Female spontaneously hypertensive rats (SHR; age, 4 months) were placed into a treadmill running (SHR-TRD; 20 m/min, 1 h/d, 5 d/wk, 12 weeks) or sedentary group (SHR-SED). Age-matched Wistar Kyoto (WKY) rats were controls. Mean blood pressure was higher in SHR versus WKY (P<0.01) and unaltered with exercise. Left ventricular (LV) diastolic anterior and posterior wall thicknesses were greater in SHR than WKY (P<0.001) and augmented with training (P<0.01). Langendorff LV performance was examined during isoproterenol (ISO) infusions (1x10(-10) to 1x10(-7) mol/L) and pacing stress (8.5 Hz). The peak LV developed pressure/ISO dose response was shifted rightward 100-fold in SHR relative to WKY. The peak ISO LV developed pressure response was similar between WKY and SHR-SED and increased in SHR-TRD (P<0.05). SHR-TRD showed the greatest lusitropic response to ISO (P<0.05) and offset the pacing-induced increase in LV end-diastolic pressure and the time constant of isovolumic relaxation (tau) observed in WKY and SHR-SED. Improved cardiac responses to ISO in SHR-TRD were associated with normalized myocardial levels of GRK2 (P<0.05). SHR displayed increased L-type Ca2+ channel and sodium calcium exchanger abundance compared with WKY (P<0.001). Training increased ryanodine receptor phosphorylation and phospholamban phosphorylation at both the Ser16 and Thr17 residues (P<0.05).
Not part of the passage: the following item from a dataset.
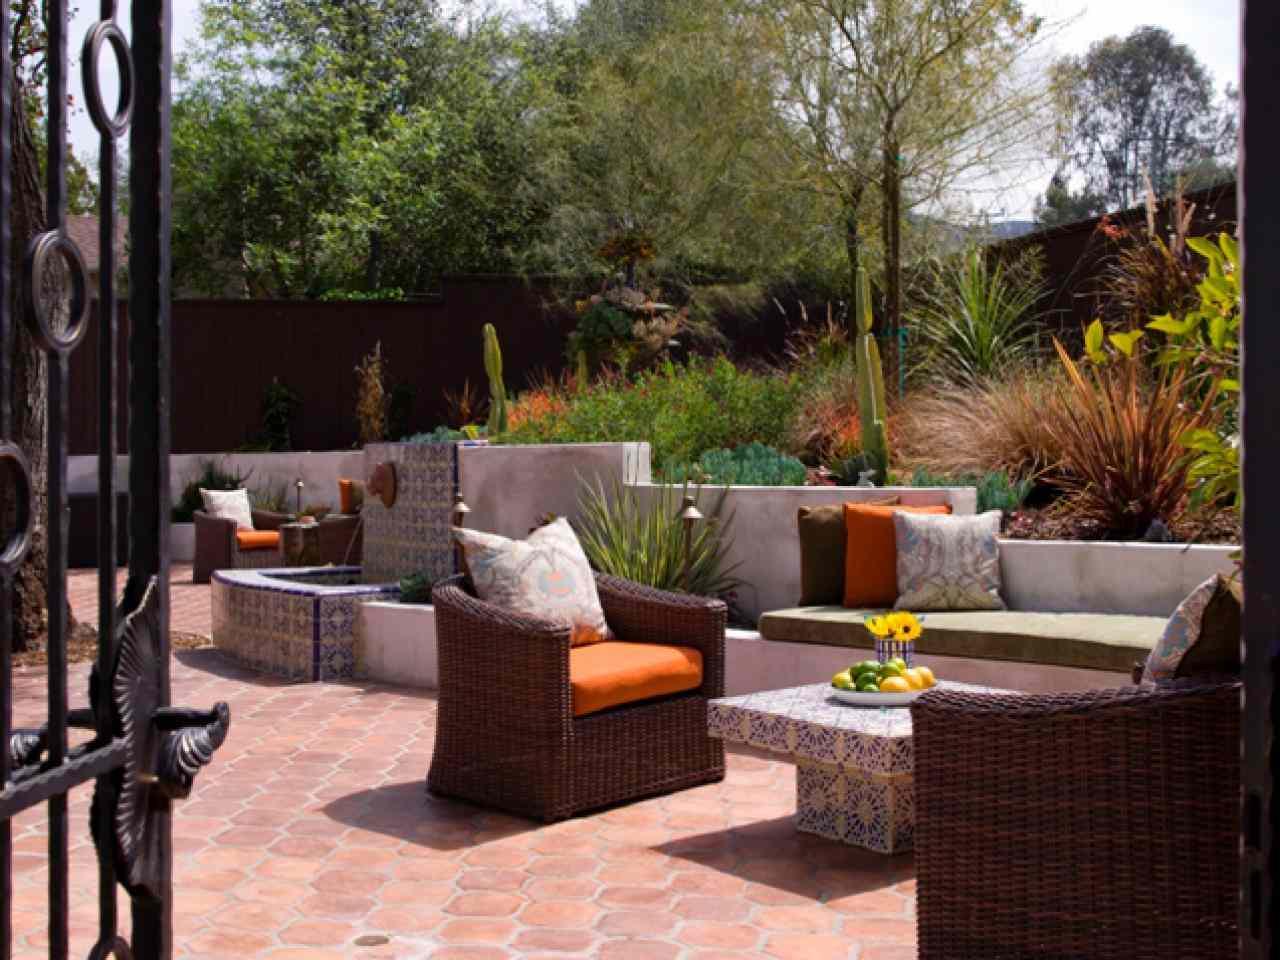 Cuisine: Decoration Salon De Jardin Intended For Wish ... concernant Salons De Jardin Pas Cher

Exercise training in hypertension improves the inotropic and lusitropic responsiveness to beta-adrenergic receptor stimulation despite augmenting LV wall thickness. A lower GRK2 abundance and an increased phosphorylation of key Ca2+ cycling proteins may be responsible for the above putative effects.
压力超负荷诱导的心肌肥厚会抑制心脏对β-肾上腺素能受体刺激的反应。我们研究了运动训练是否能通过改变β-肾上腺素能受体脱敏激酶GRK2以及一些关键钙循环蛋白的丰度和磷酸化,来改变自发性高血压模型中β-肾上腺素能受体的反应性。
将雌性自发性高血压大鼠(SHR;4月龄)分为跑步机跑步组(SHR-TRD;20米/分钟,每天1小时,每周5天,共12周)或久坐组(SHR-SED)。年龄匹配的Wistar Kyoto(WKY)大鼠作为对照。SHR的平均血压高于WKY(P<0.01),运动后无变化。SHR的左心室(LV)舒张期前后壁厚度大于WKY(P<0.001),训练后增加(P<0.01)。在输注异丙肾上腺素(ISO)(1×10⁻¹⁰至1×10⁻⁷摩尔/升)和起搏应激(8.5赫兹)期间检查Langendorff左心室功能。相对于WKY,SHR中左心室最大压力/ISO剂量反应曲线右移100倍。WKY和SHR-SED之间的ISO左心室最大压力反应峰值相似,而SHR-TRD中增加(P<0.05)。SHR-TRD对ISO表现出最大的舒张期反应(P<0.05),并抵消了WKY和SHR-SED中观察到的起搏诱导的左心室舒张末期压力增加和等容舒张时间常数(tau)增加。SHR-TRD中对ISO的心脏反应改善与心肌GRK2水平正常化有关(P<0.05)。与WKY相比,SHR中L型钙通道和钠钙交换体丰度增加(P<0.001)。训练增加了兰尼碱受体在Ser16和Thr17残基处的磷酸化以及受磷蛋白的磷酸化(P<0.05)。
高血压患者进行运动训练可改善对β-肾上腺素能受体刺激的变力性和舒张期反应,尽管左心室壁厚度增加。较低的GRK2丰度和关键钙循环蛋白磷酸化增加可能是上述假定效应的原因。